As a general rule of thumb, An Introduction to Statistical Learning notes,
..one might expect the lasso to perform better in a setting where a relatively small number of predictors have substantial coefficients, and the remaining predictors have coefficients that are very small or that equal zero. Ridge regression will perform better when the response is a function of many predictors, all with coefficients of roughly equal size.
The R program glmnet linked above is very flexible, and can accommodate logistic regression, as well as regression with continuous, real-valued dependent variables ranging from negative to positive infinity.
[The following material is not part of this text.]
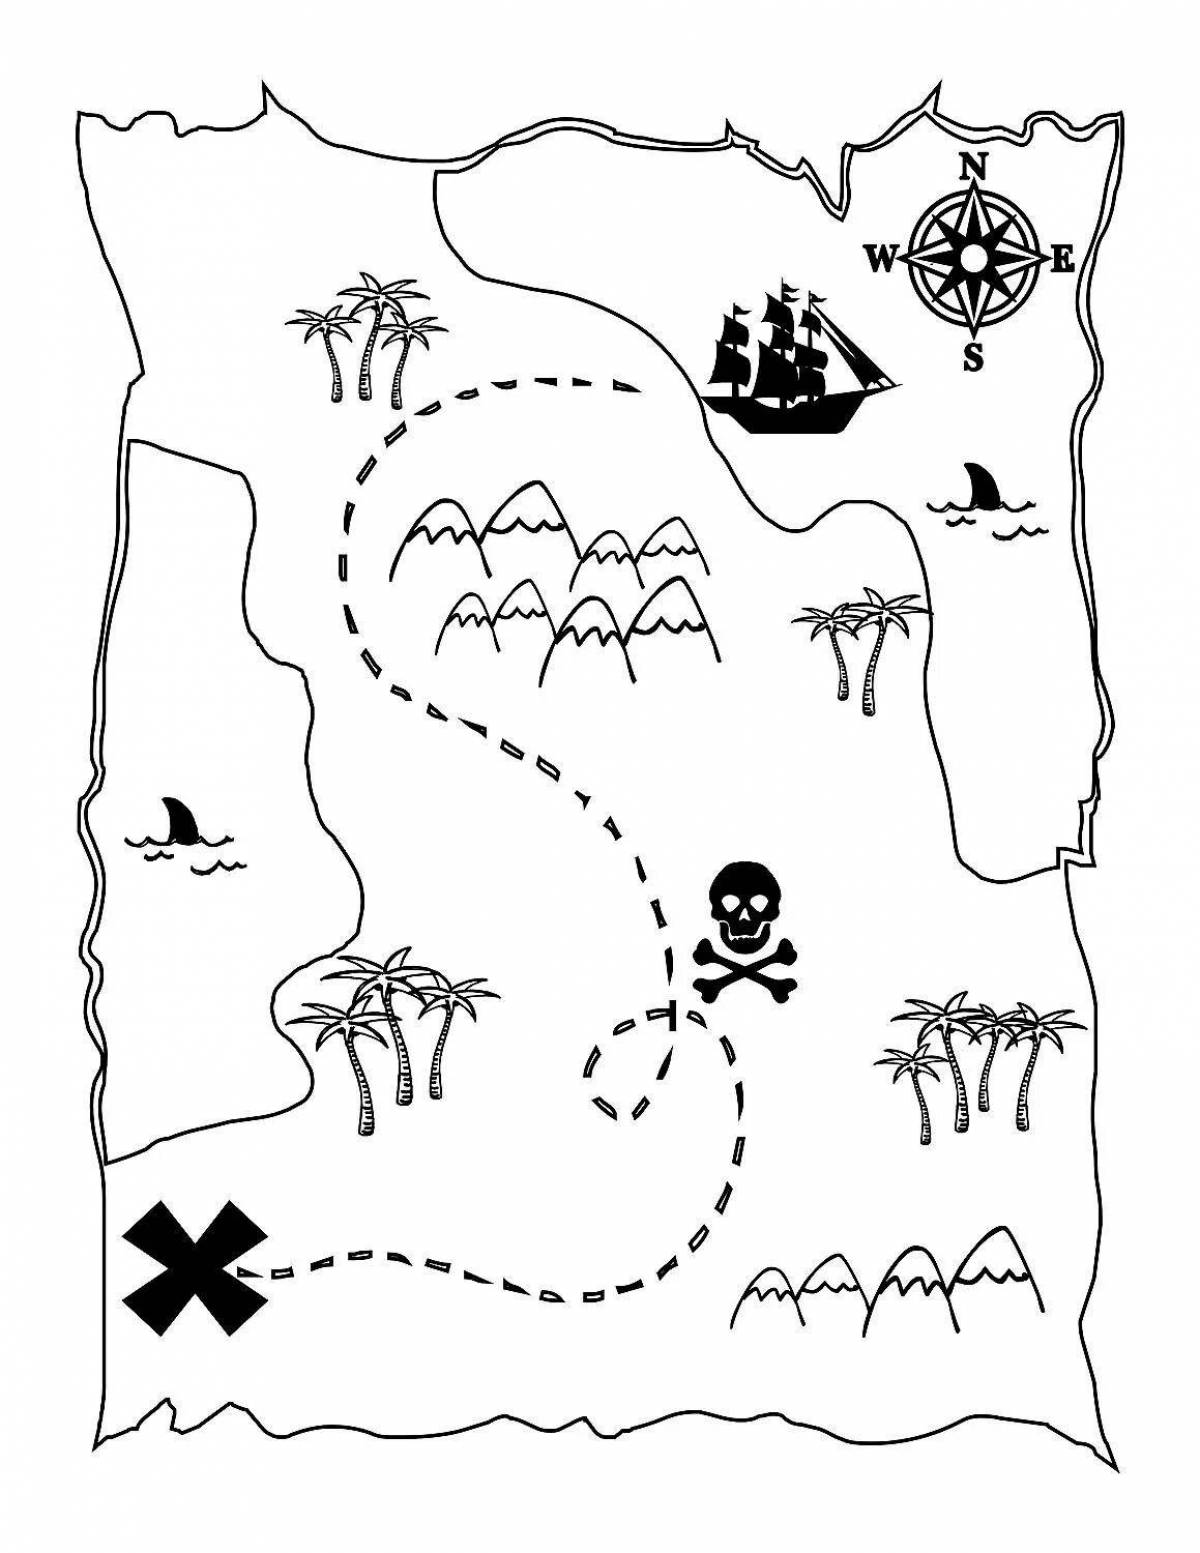 Оживленная страница раскраски пиратской карты

Dear Respectable Mr. or Mrs.,
I’m research assistant Emre DÜNDER, Department of Statistics, Samsun Ondokuz Mayıs University. I have read your blog about lasso regression Your blog is very instructive, thanks a lot. I’m requesting you to give me some information. I performed some simulations for tuning parameter selection based on BIC value. I have seen an interesting result: although the obtained BIC value is small, prediction error is high. I mean, lower BIC valued models correspond to having higher prediction error models. As in your article, BIC selects the models with lower prediction error. Due to I’m familiar with R, I wrote some R codes.
In fact, I saw that, as the selected lambda values increase, prediction error increases. As I saw, BIC tends to select higher lambda values, so this occurs the increment of the prediction error. But in many articles, BIC shows better performance in terms of prediction error. I computed the prediction error as mean((y-yhat)^2).
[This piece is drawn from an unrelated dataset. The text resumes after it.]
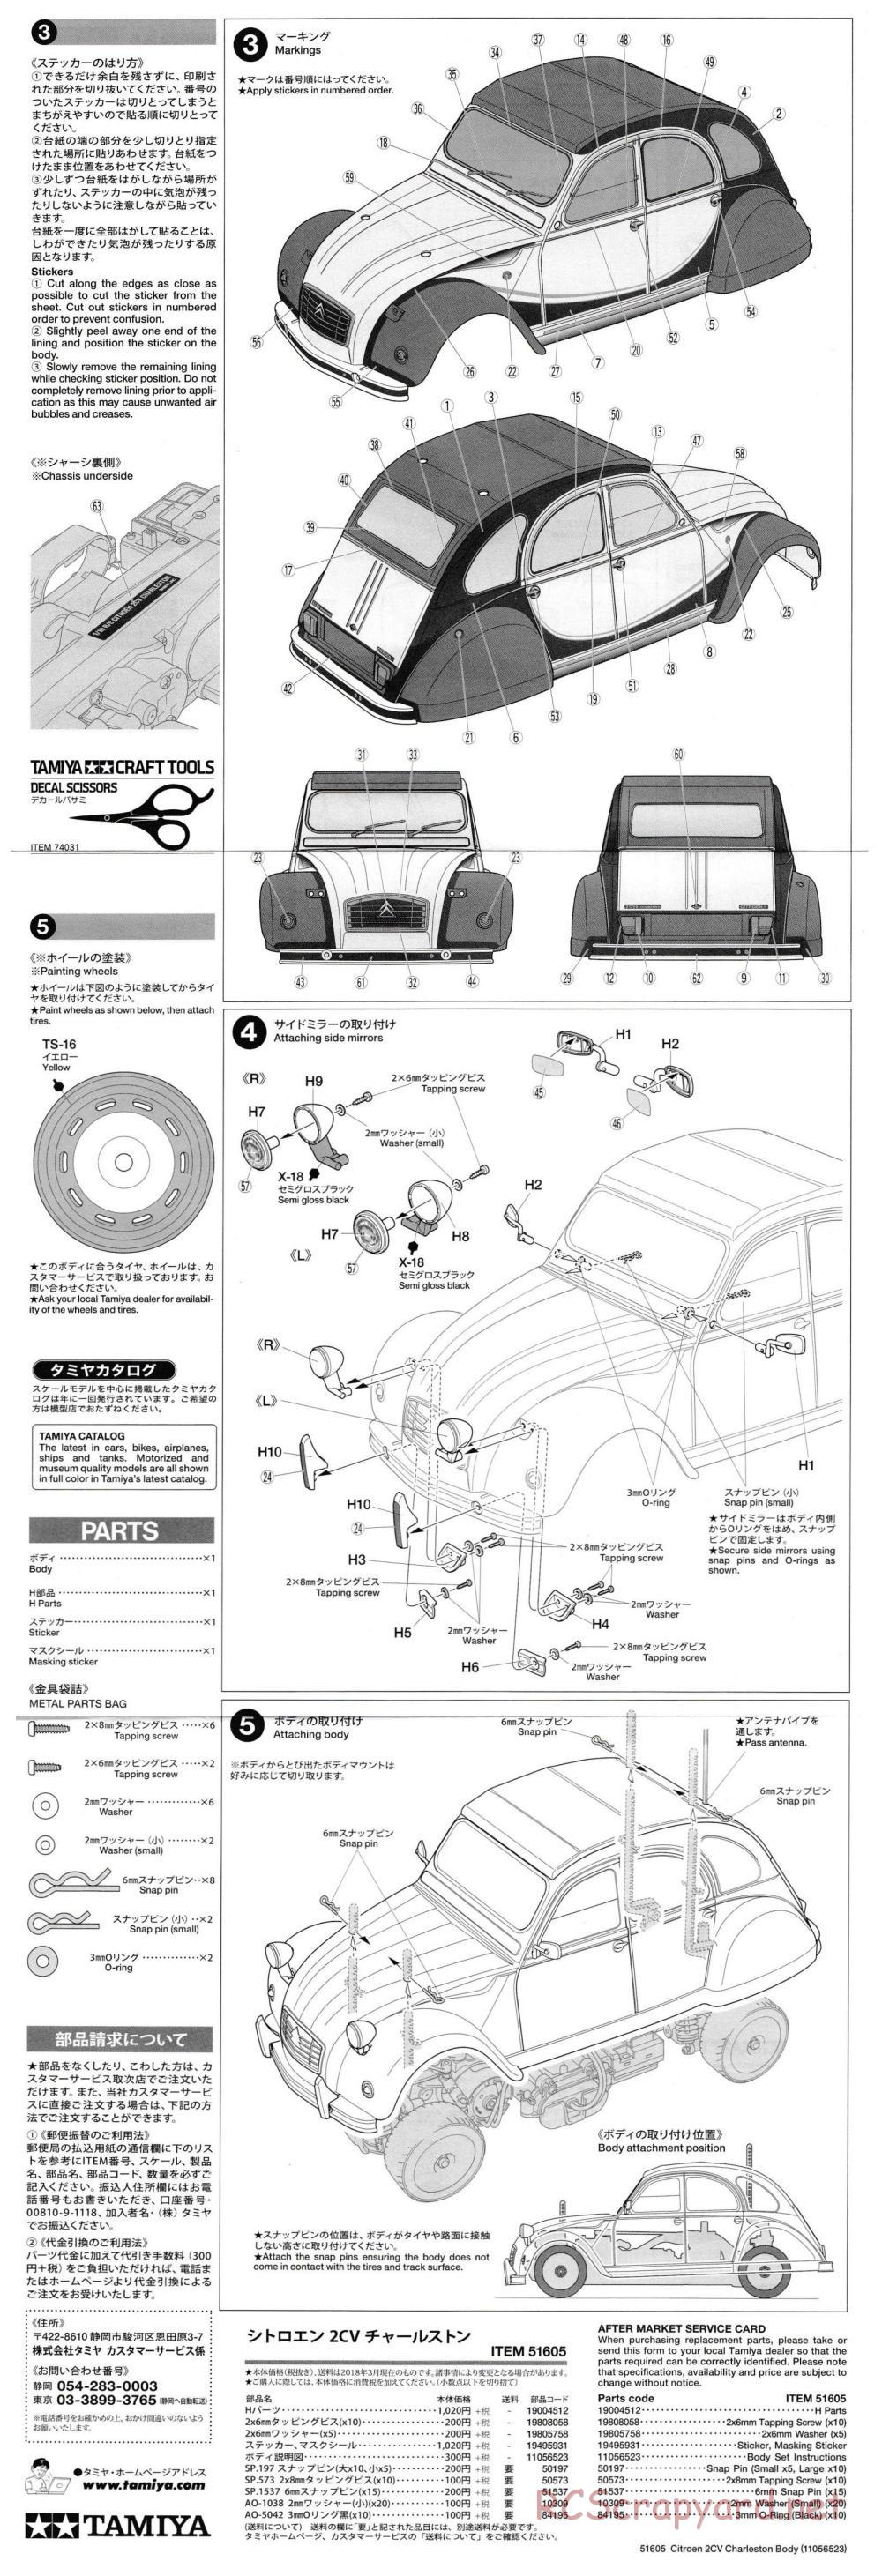 Tamiya - Citroen 2CV Charleston - M-05 Chassis - Body Manual - Page 2

Why do I obtain such a result? I appreciate if you help me about it. This is a very big conflict. I use R project and I’m sending you some R codes below. I’m waiting for your kind responses.
Best regards.
########################################################################
########################################################################
############################## CODES ###################################
########################################################################
########################################################################
library(mpath)
##### Data Simulation
n<-100
p<-8
x <- scale(matrix(rnorm(n*p),n,p))
beta<-c(3,1.5,5,0,0,0,0,0)
y<-scale(x%*%beta+rnorm(n))
x<-(x-mean(x))/sd(x) #### Normalize x
y<-(y-mean(y))/sd(y) #### Normalize y
v<-data.frame(x,y)
#### BIC Computation
BIC.lasso<-function(x,y,lam){
m <-glmreg(y~x,data=v,family="gaussian",lambda=lam)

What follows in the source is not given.